Data block:
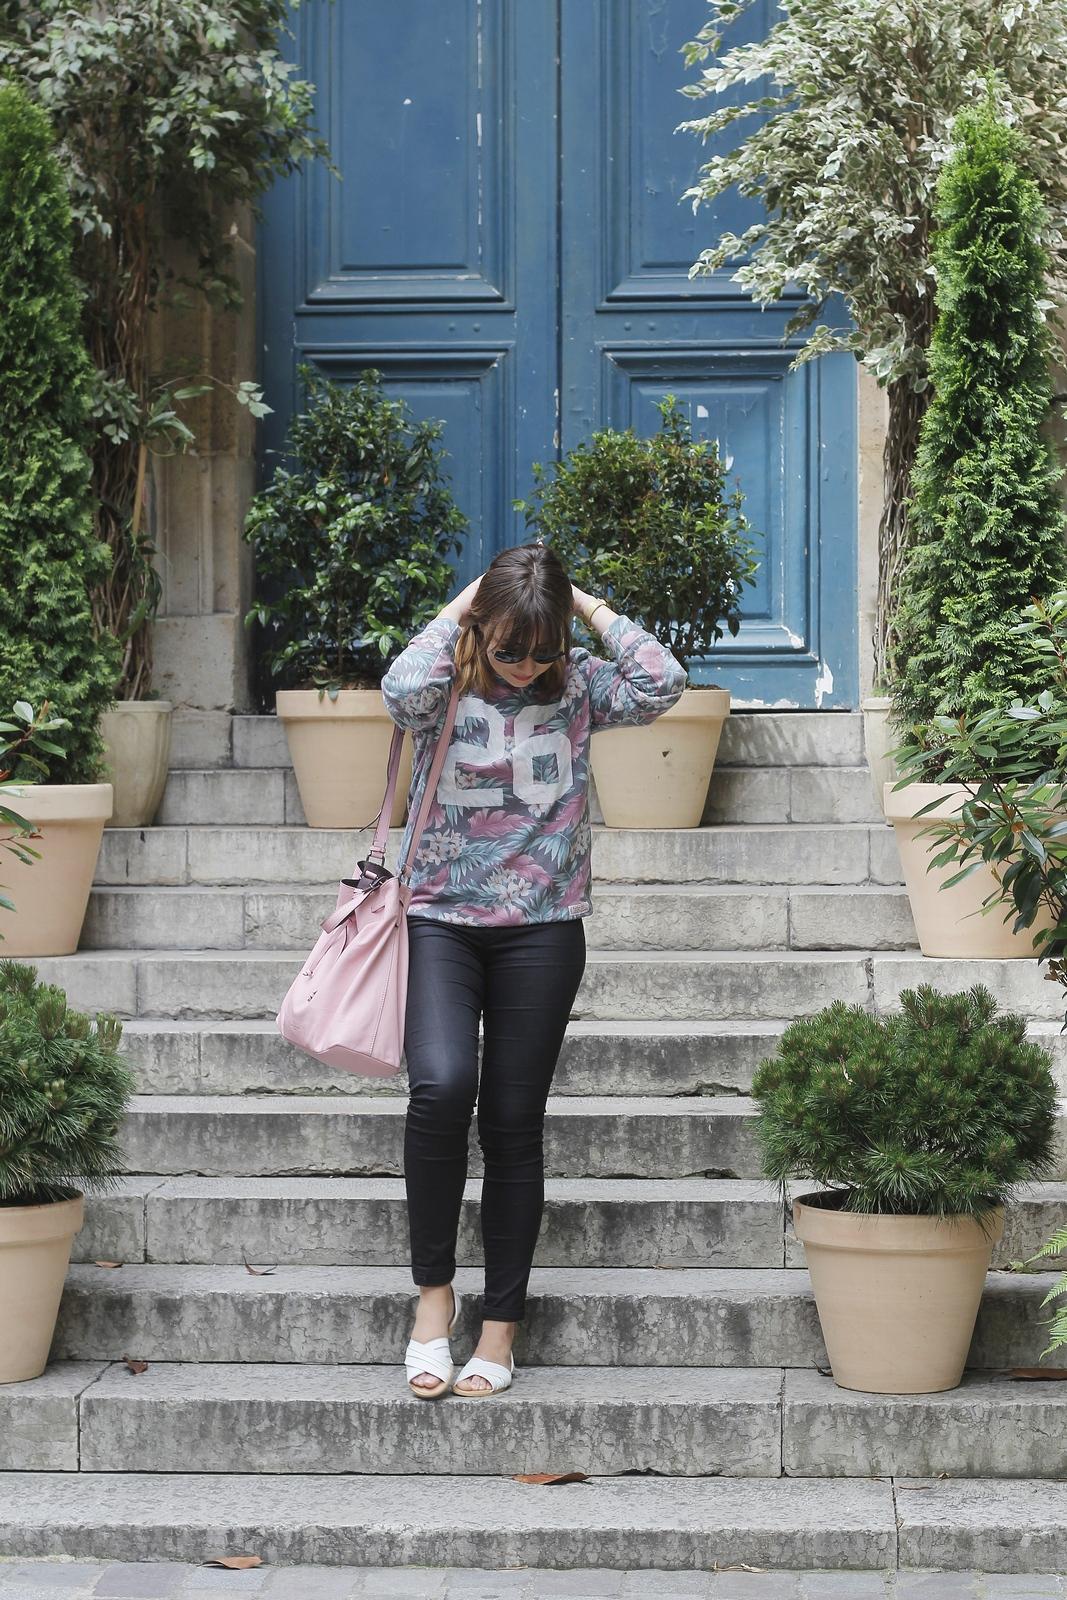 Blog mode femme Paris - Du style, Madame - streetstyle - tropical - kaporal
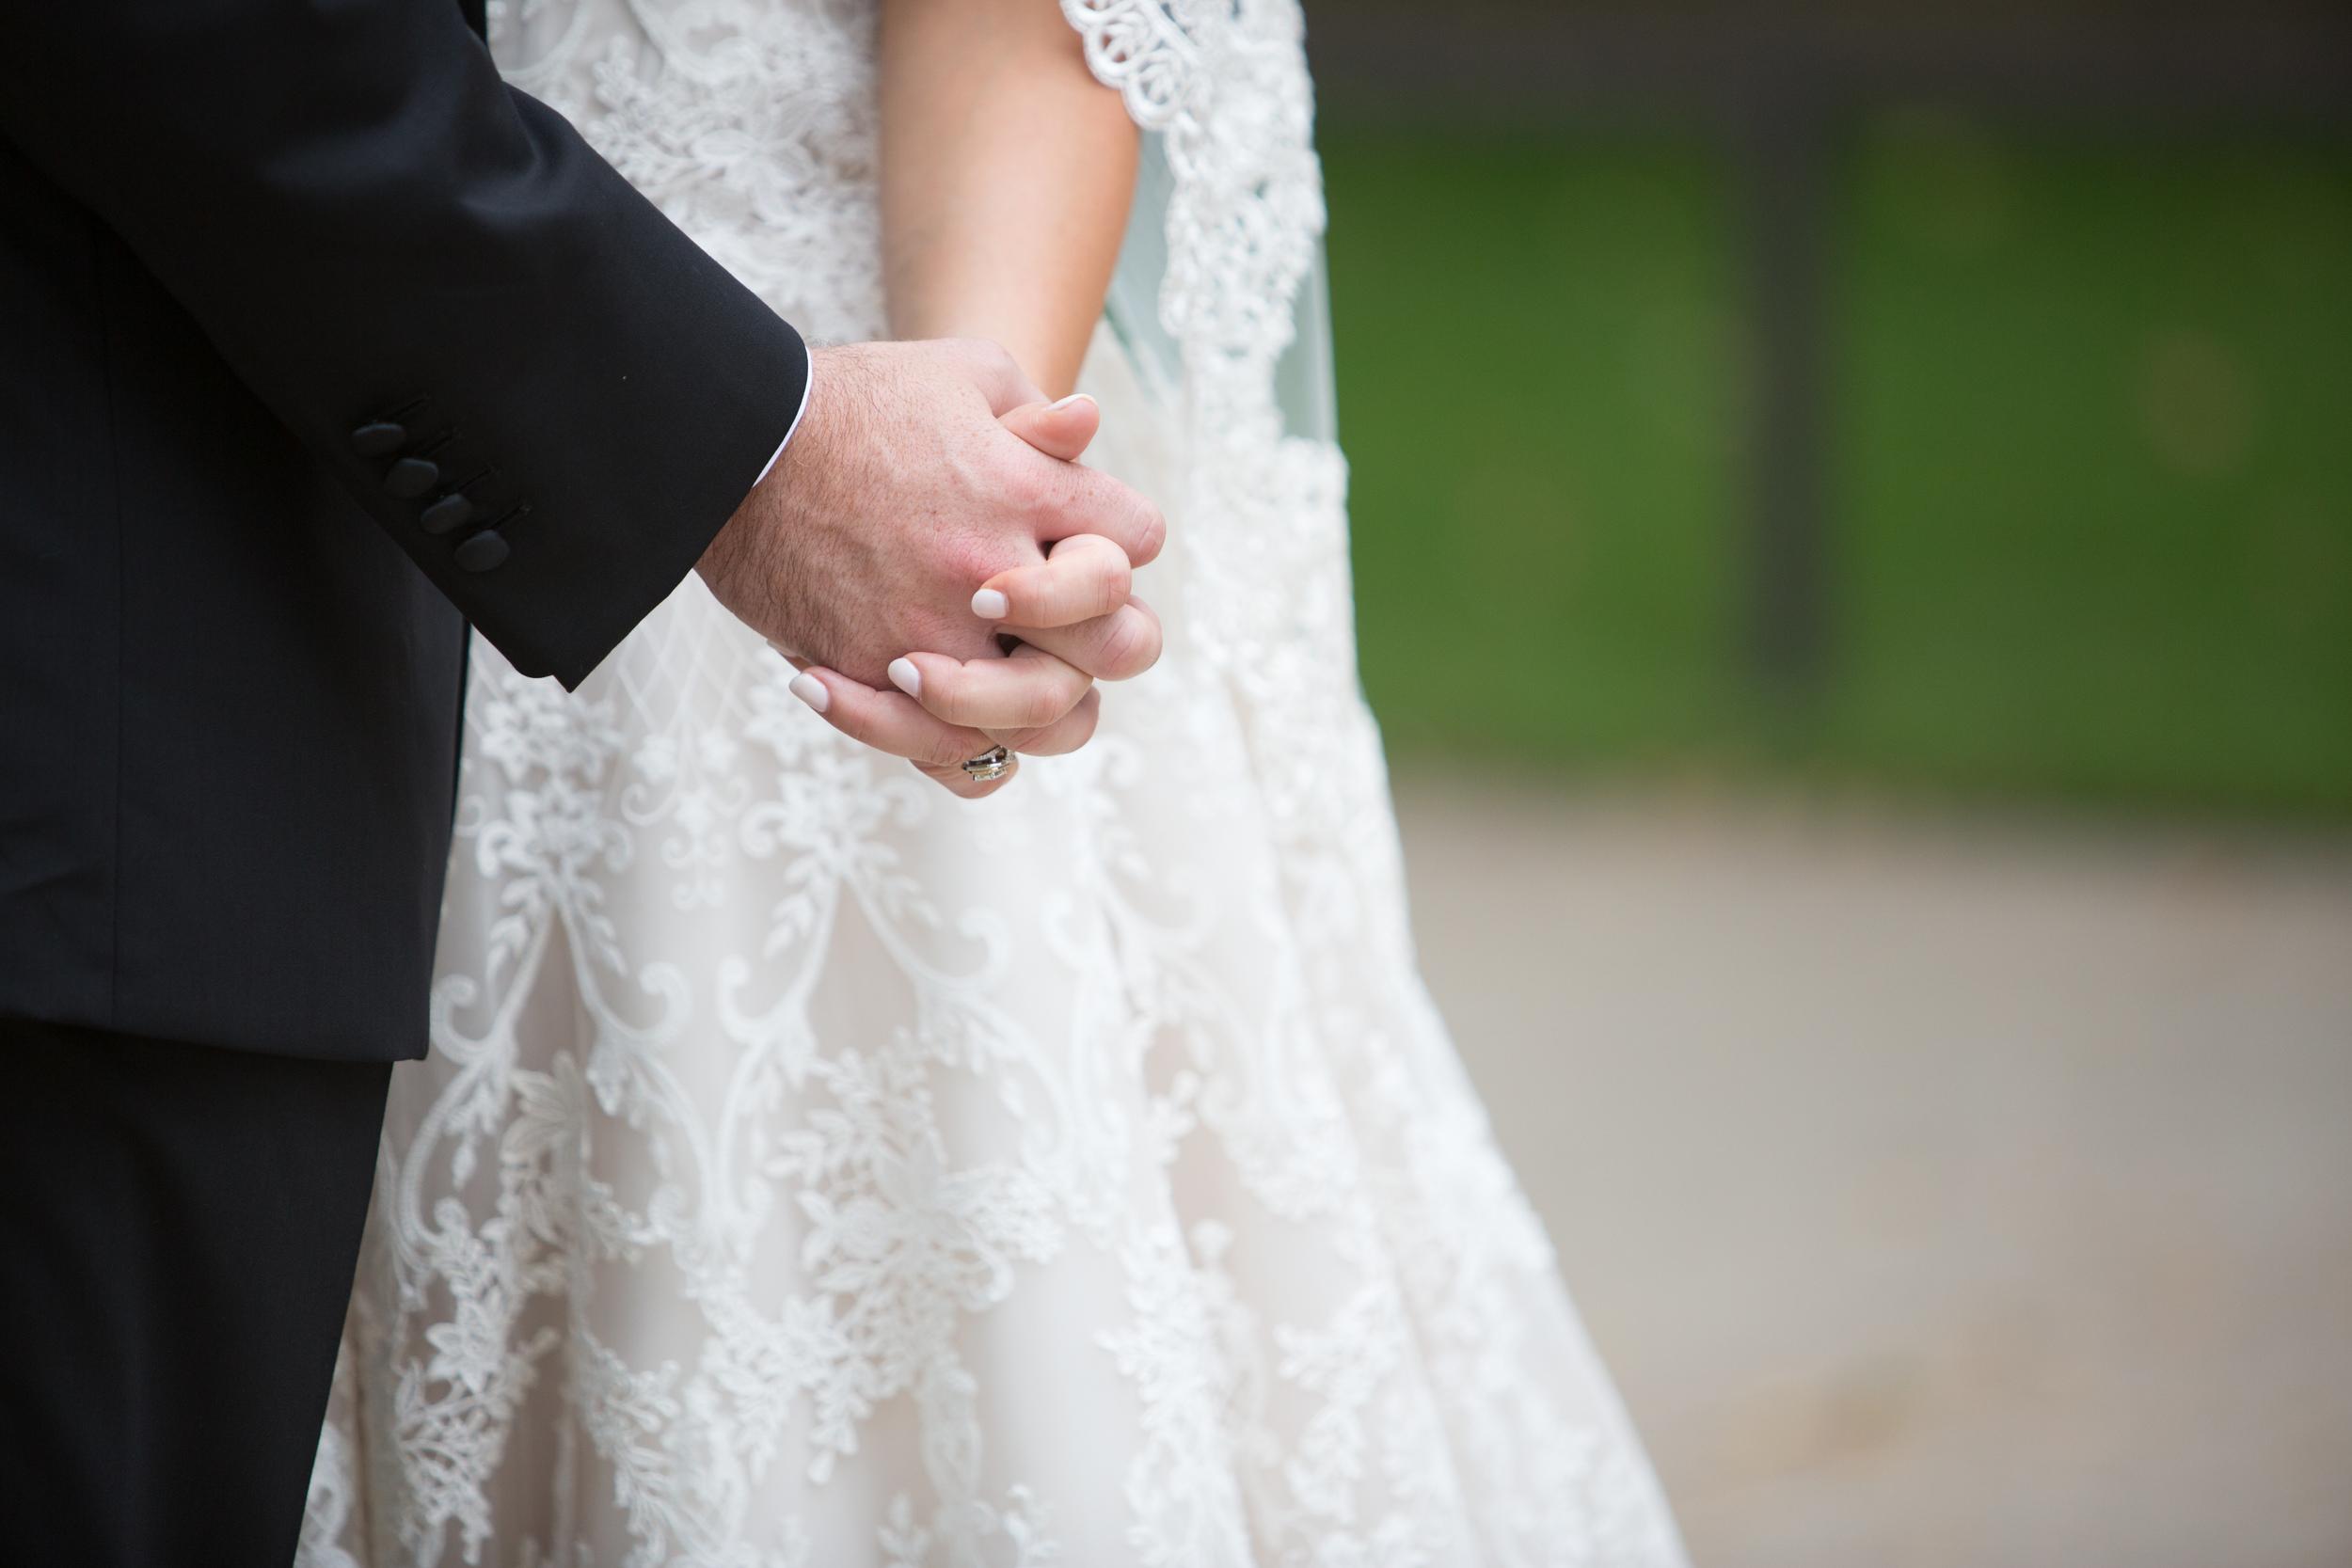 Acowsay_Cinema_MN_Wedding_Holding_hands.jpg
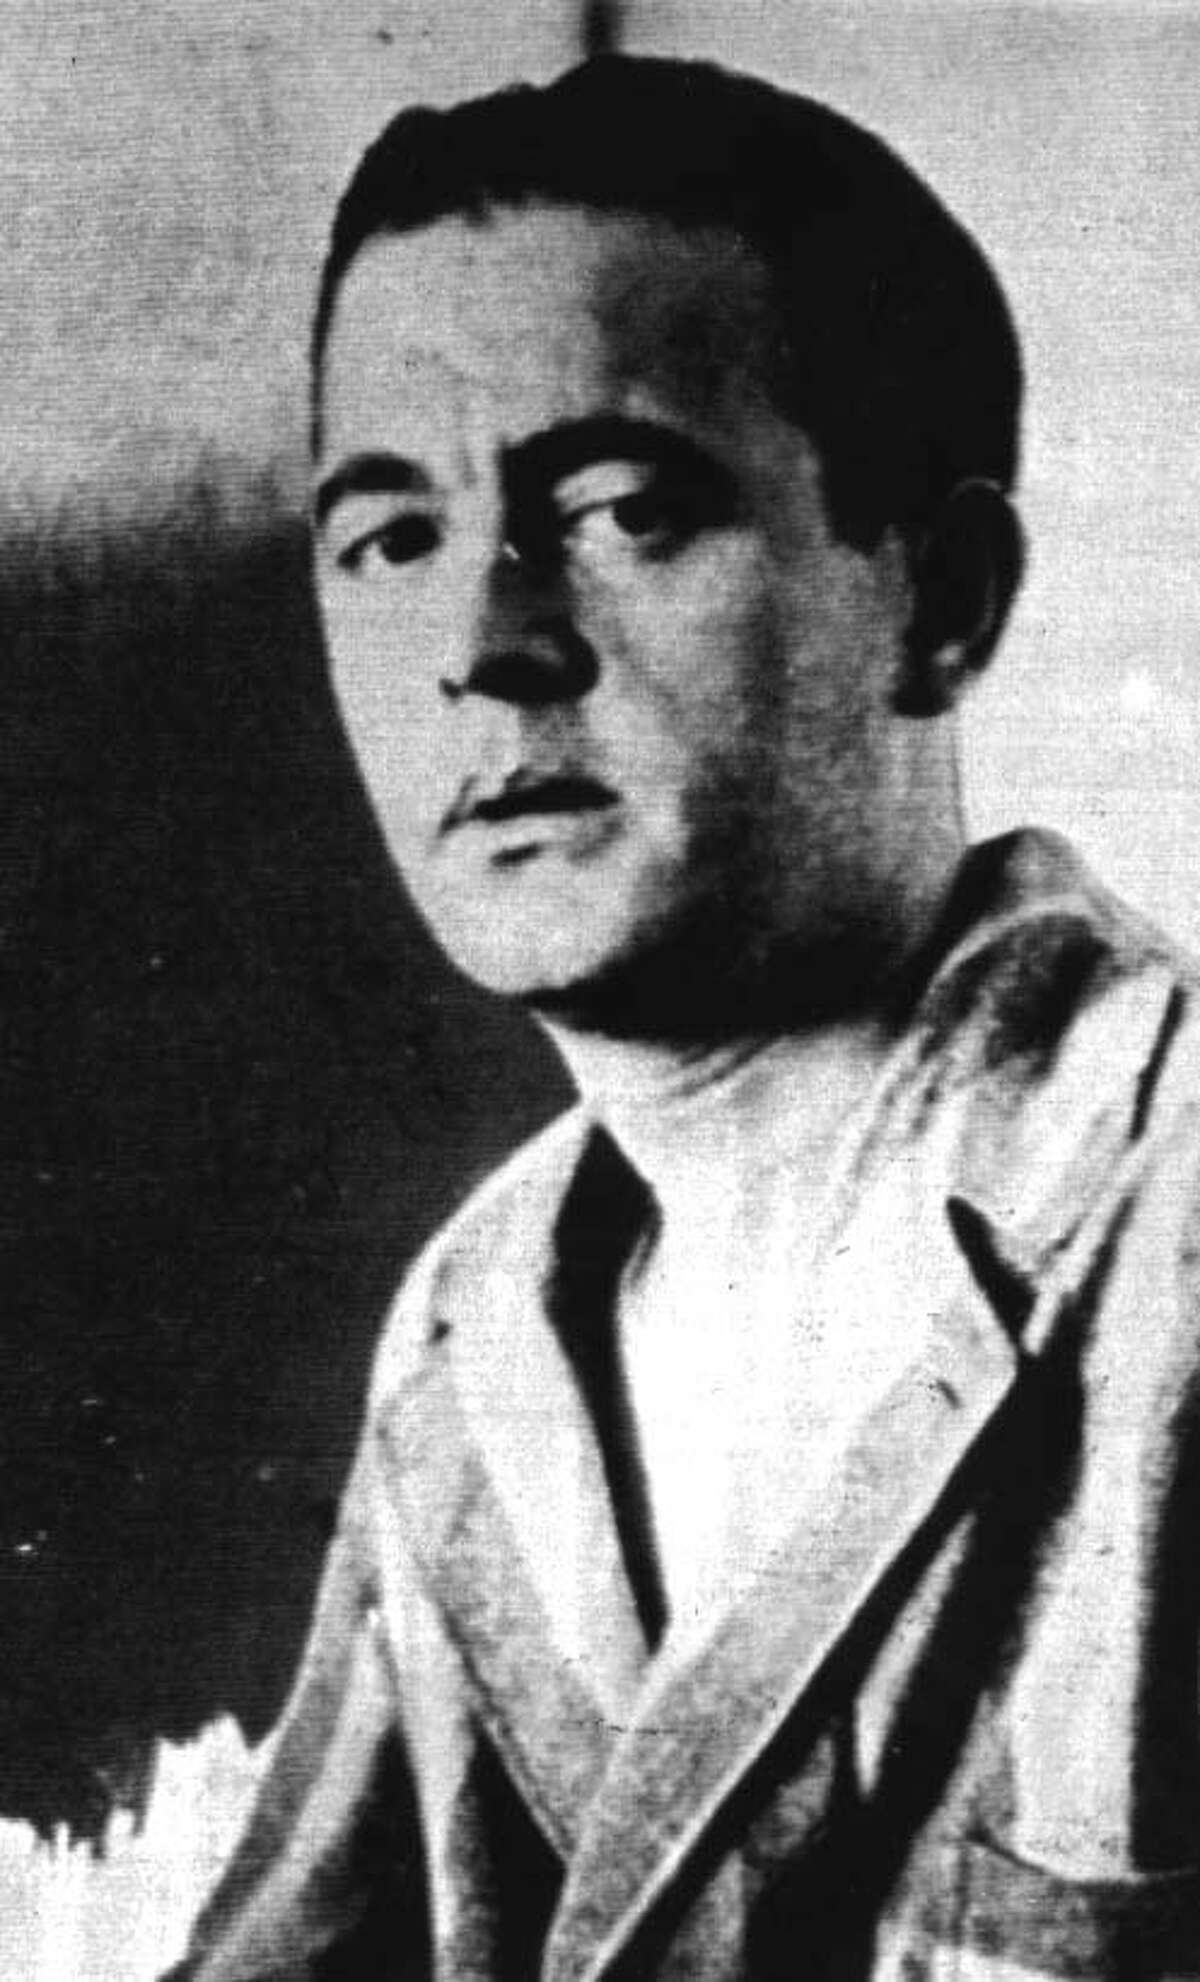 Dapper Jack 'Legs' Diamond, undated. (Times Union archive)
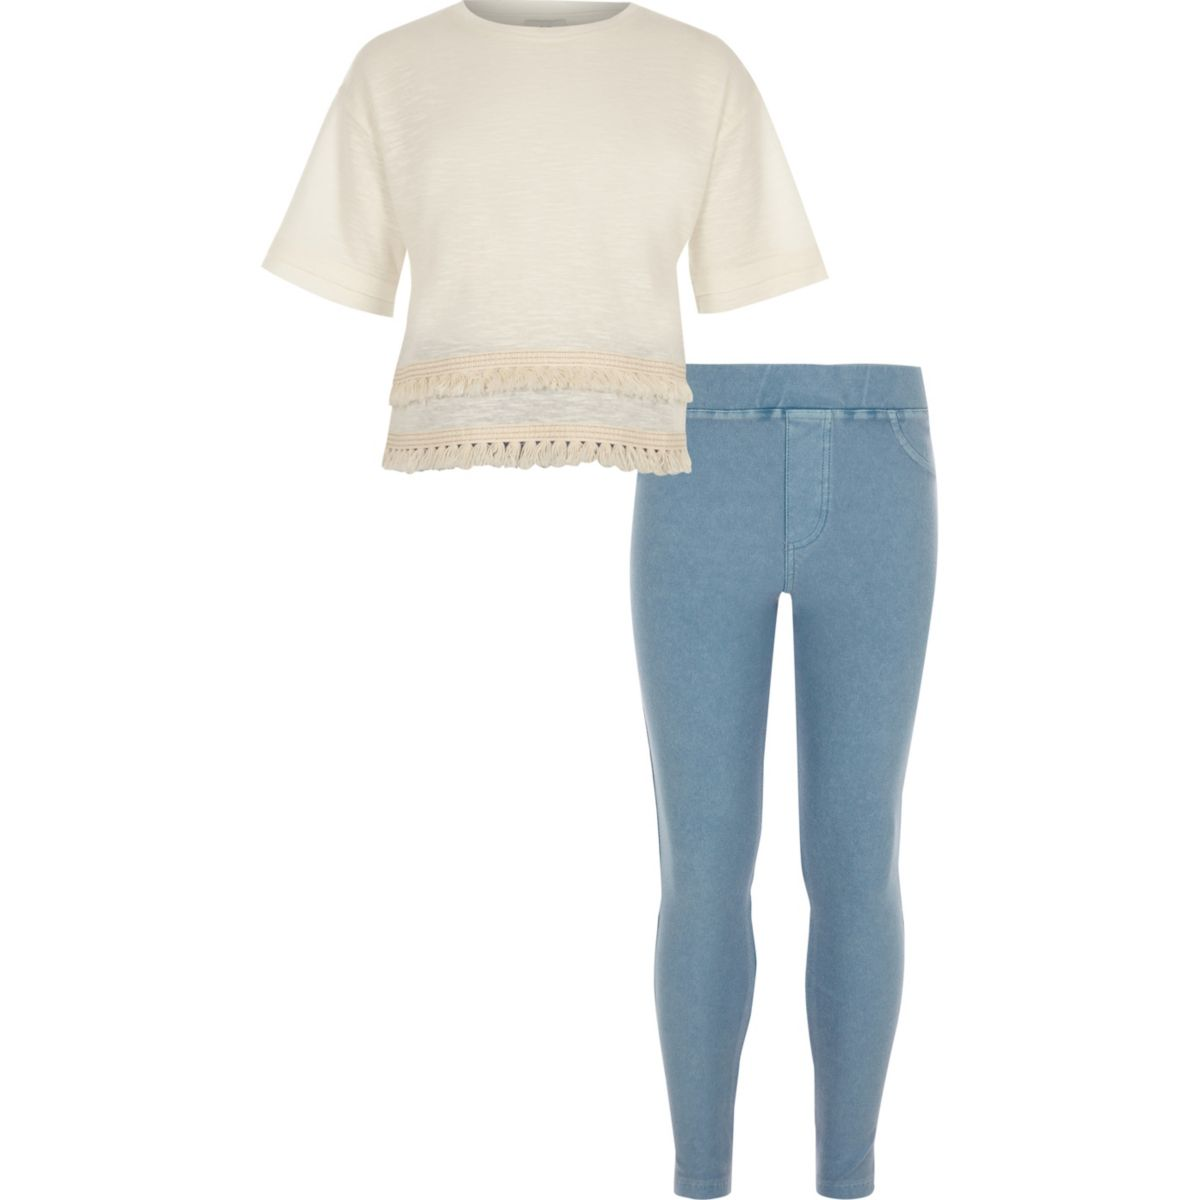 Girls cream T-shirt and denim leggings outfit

Requirement: Starting at the line that contains "Dapper Jack 'Legs'", output every line through the end of the data, both ends included, and nothing else; pictures stay out.

Response below:
 Dapper Jack 'Legs' Diamond, undated. (Times Union archive)
 Girls cream T-shirt and denim leggings outfit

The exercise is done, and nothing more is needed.